This post was written by Tsung-Ling Lee, a former Global Health Law LL.M. and SJD student at Georgetown University (2015) and currently a postdoctoral fellow at Asia Research Institute, National Singapore University. It originally appeared on the APPS Policy Forum and can be viewed here.
A new China-led initiative for financing infrastructure projects in Asia may challenge the existing world financial order.
In April, the former United States Secretary of State Madeline Albright said “I think we screwed up” in response to the Obama administration’s refusal to join the Asia Infrastructure Investment Bank (AIIB). The US reaction to the China-led initiative for financing infrastructure projects from Myanmar to Russia, suggests a deep anxiety about the world financial order.
While many operational aspects and details about the governance structure of the AIIB are yet to be publicly expressed, many commentators speculate that the AIIB may mark a new global economic order, particularly when viewed as part of Beijing’s broader economic agenda. China has been supporting the creation of new regional and global economic institutions, including the New Silk Road initiative and the BRICs-led New Development Bank. These institutions will arguably challenge the monopoly of the World Bank and the IMF — the two major international financial institutions within the Bretton Wood system.
The AIIB, which came into existence after China’s frustration at the slow reform process of the International Financial Institutions (IFIs), set out as its goal to finance developmental projects in Asia, with China providing the majority of capital.
The IFI reform stagnated largely due to resistance from the US Congress, refusing to support the change of the World Bank’s shareholder voting system, which currently privileges the US.
Many critics perceive the World Bank as a channel for the First World to promote and embed neo-liberal orthodoxy abroad. The AIIB initiative highlights the shifting role of the World Bank in an increasingly crowded international economic landscape. Some commentators even go further and suggest that the US’s sphere of influence in the global policy domain of finance is diminishing decisively, evident by the diplomatic success of China in attracting many of the US’s key allies in joining the AIIB.
One notable example of the IFIs’ penetrative power beyond global economic life is the World Bank’s widely criticized Structural Adjustment Programs (SAPs), driven by a neo-liberal ideology that conceives a competitive market as universally fundamental to functional economic life at national and international levels.
The neo-liberal agenda, commonly known as the Washington Consensus, disavowed the emphasis on state-led development programs unequivocally, and favoured the emphasis on a competitive market for coordination of economic activities in a developmental model.
As a condition of borrowing, countries that sought the IFIs’ financial assistance were required to embark upon radical economic reform: reducing government spending, privatising state-owned enterprises, and liberalising trade and foreign investment.
However, the neo-liberal view embraced by the IFIs tends to neglect the specific social, economic, cultural and political contexts of the recipient state.
The neglect has seen a widening of social inequalities, in additional to the apparent failure of SAPs in achieving its promised economic success.
The apparent failings of the neo-liberal development model has seen an eruption of political discontent that prompted a sharp policy turn within the IFIs. Beginning in the 1990s, the World Bank embraced a governance paradigm that relies on stable institutional environment as a foundation to equitable distribution of wealth and to remedy poverty. This had seen the IFIs engage in law reform in many recipient countries under the rubrics of ‘technical assistance’.
The World Bank now embarks on reform projects with greater emphasis on improving environmental sustainability, embedding the rule of law, and enhancing participation in the decision-making process. The World Bank Institute’s Worldwide Governance Indicators and Doing Business, for instance, provide quantitative assessments on the openness of the regulatory environment for business.

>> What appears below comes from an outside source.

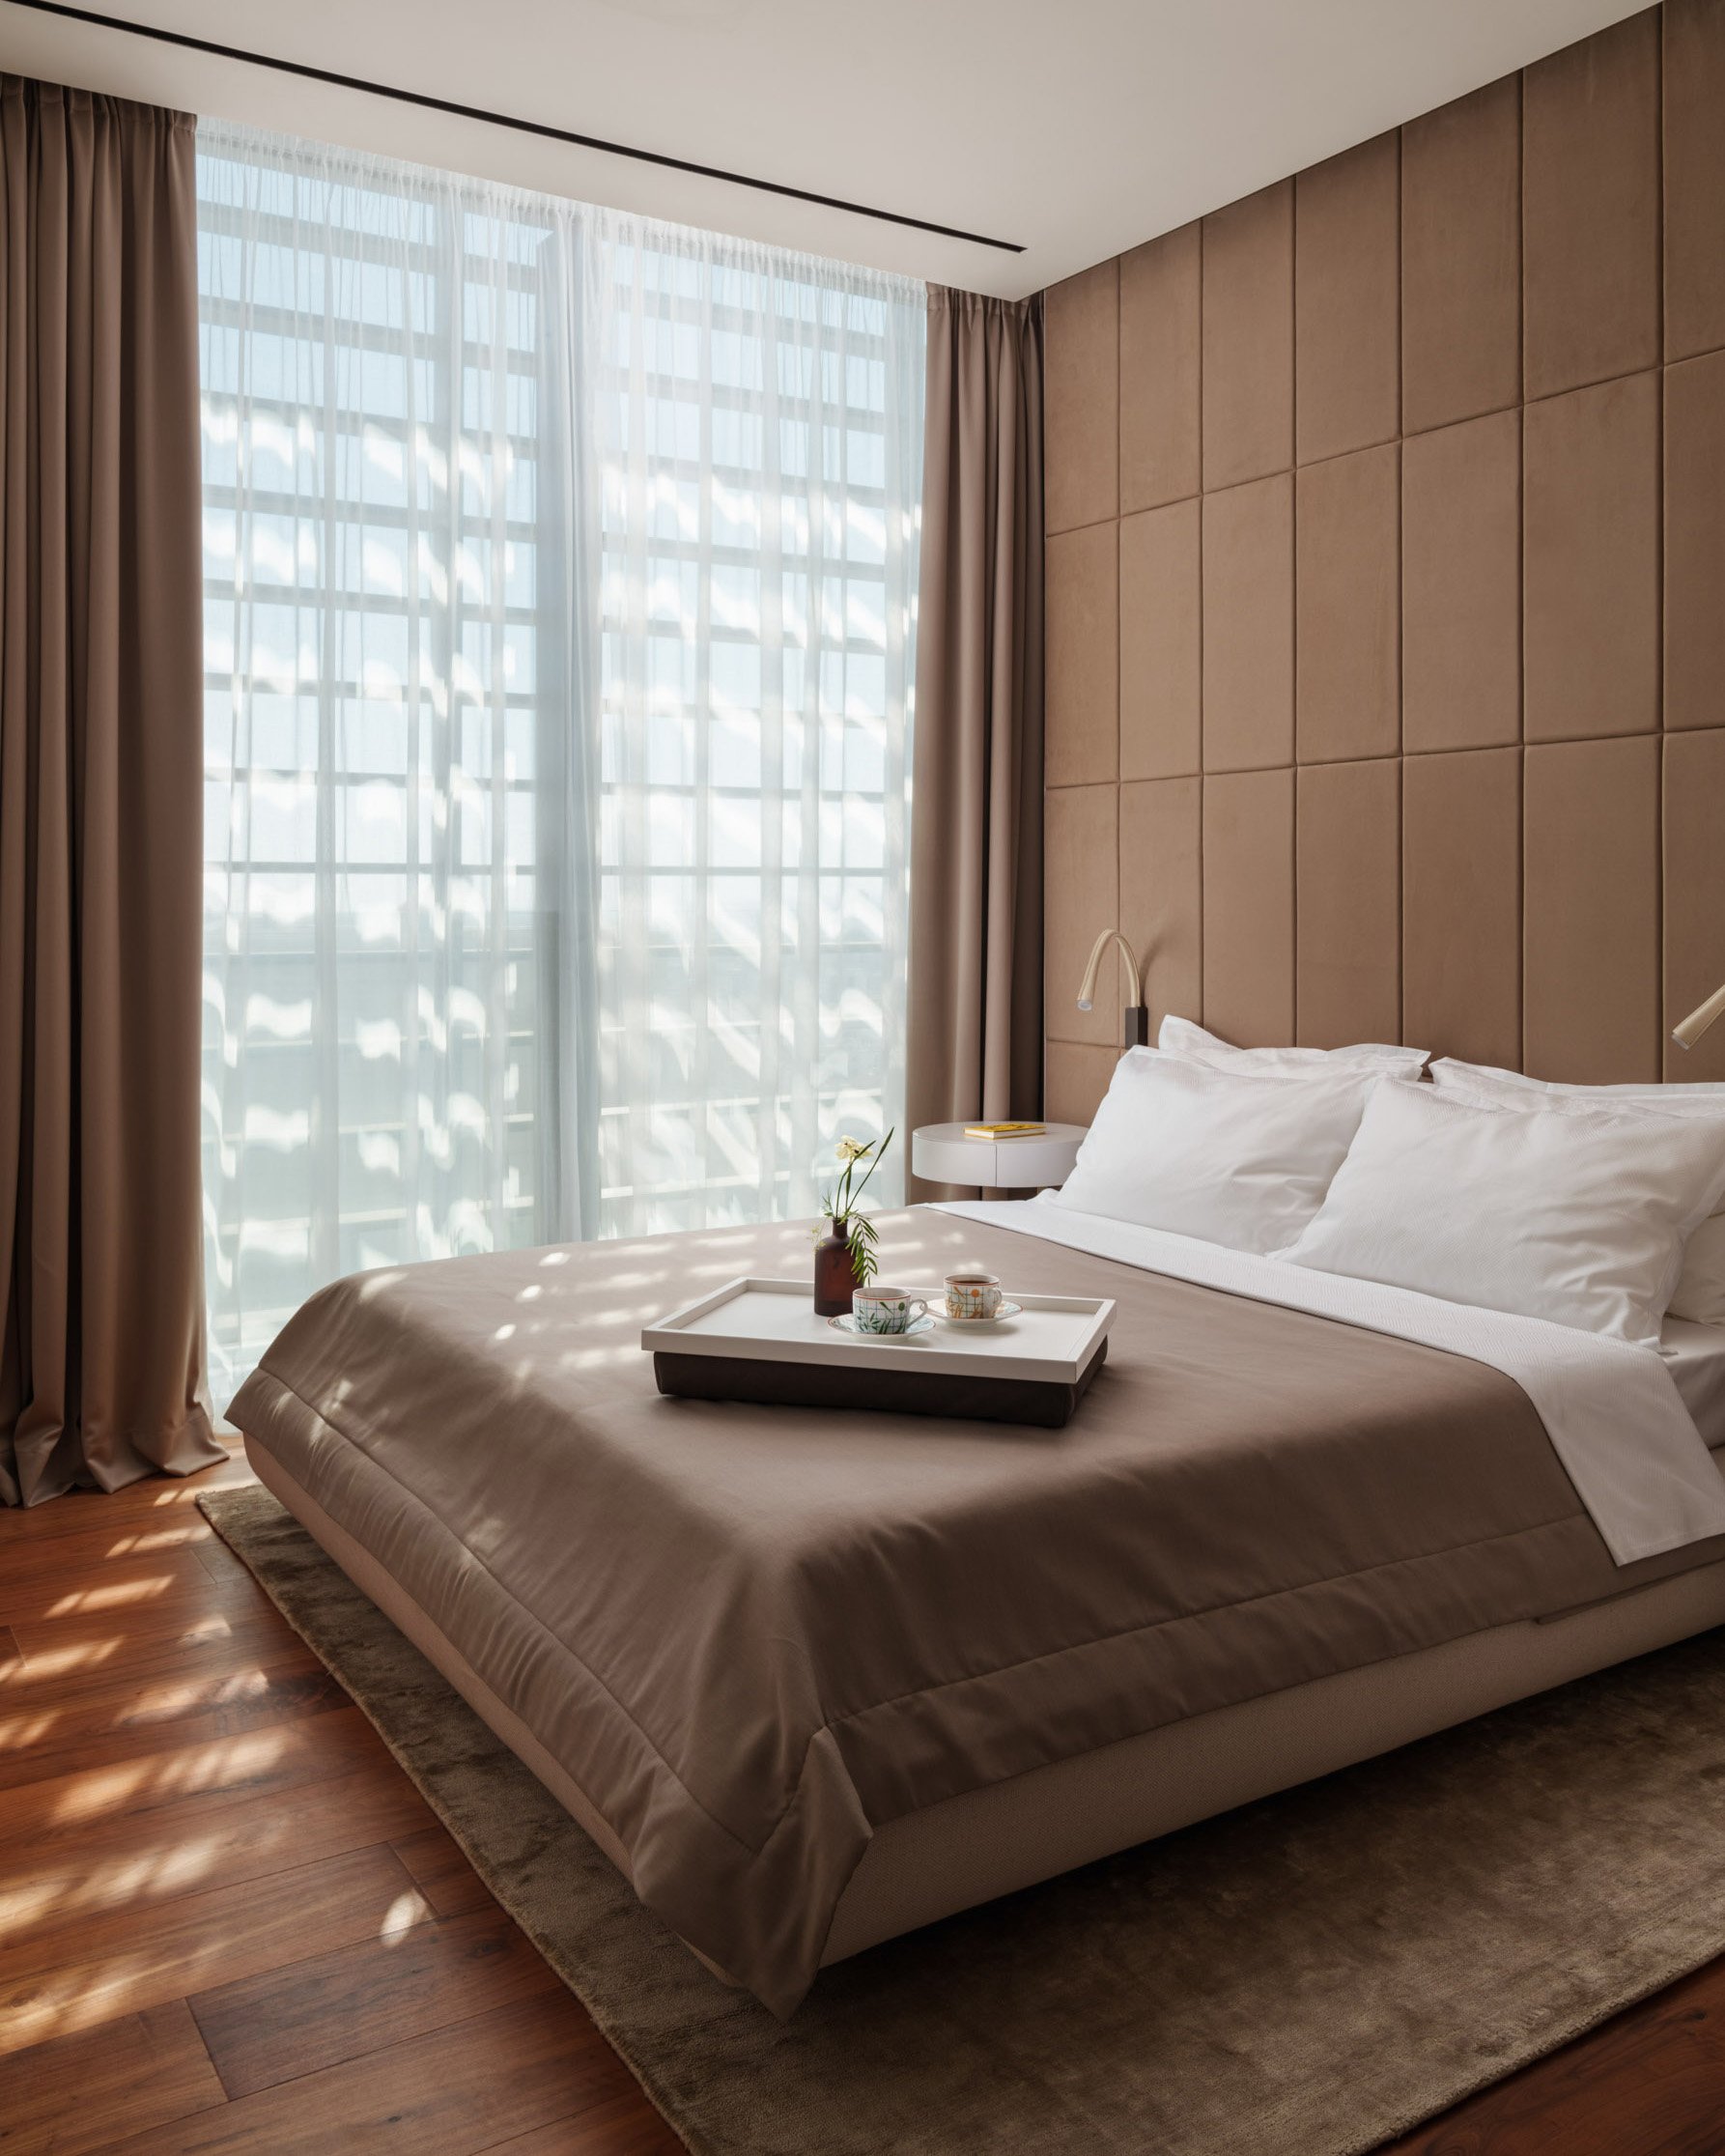 modern-seaside-interior-design-bedroom-hotel-feel copy.jpg

While both projects are not binding on the state, they are widely seen as authoritative, and are increasingly used as a proxy for the quality of a legal system. However, many critics point out that the IFIs’ governance system lacks an external, independent judicial mechanism, which means that many of the World Bank’s practices which deviate from its Articles of Agreement (the organizations governance documents) are overlooked.
It is worth reiterating that the operational details of the AIIB are yet to be announced publicly, leaving speculations over whether the bank will complement or compete with the IFIs. Importantly, one potential, and overlooked, role which the AIIB could play in the Asia and Pacific region is to fund the development of badly-needed public health infrastructure.

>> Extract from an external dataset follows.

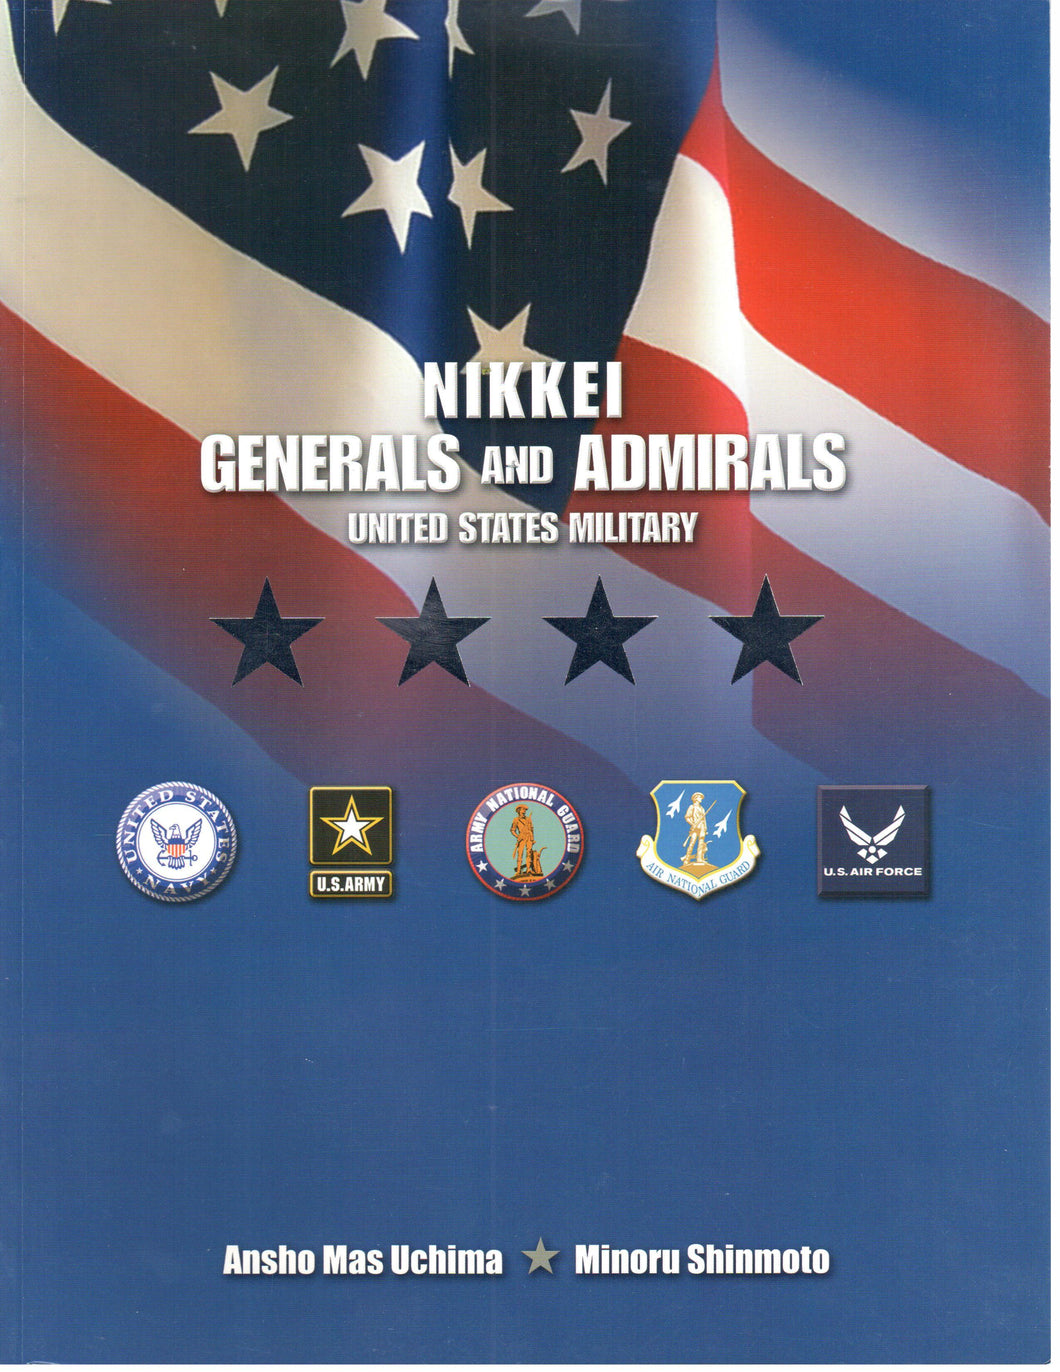 Nikkei Generals and Admirals

Such developmental practices would continue China’s ongoing health aid to foreign countries, which began in 1964. Historically, China has relied on foreign health aid to enhance its reputation internationally.
Global health diplomacy had in part contributed to China’s success in legitimatizing its rights as a sovereign state at the 26th United Nations General Assembly in 1971. China could continue and expand its sphere of influence by leveraging health opportunities regionally. This would involve strengthening disease surveillance and control, and providing disaster health relief (for example, post-disaster reconstruction in Nepal), which have been largely neglected by the IFIs.
If the AIIB takes on this complementary role to the IFIs, it would not only critically challenge US dominance in the development discourse, but importantly, it would provide crucial opportunity to strength the region’s public health infrastructure – which is necessary for a sustainable future.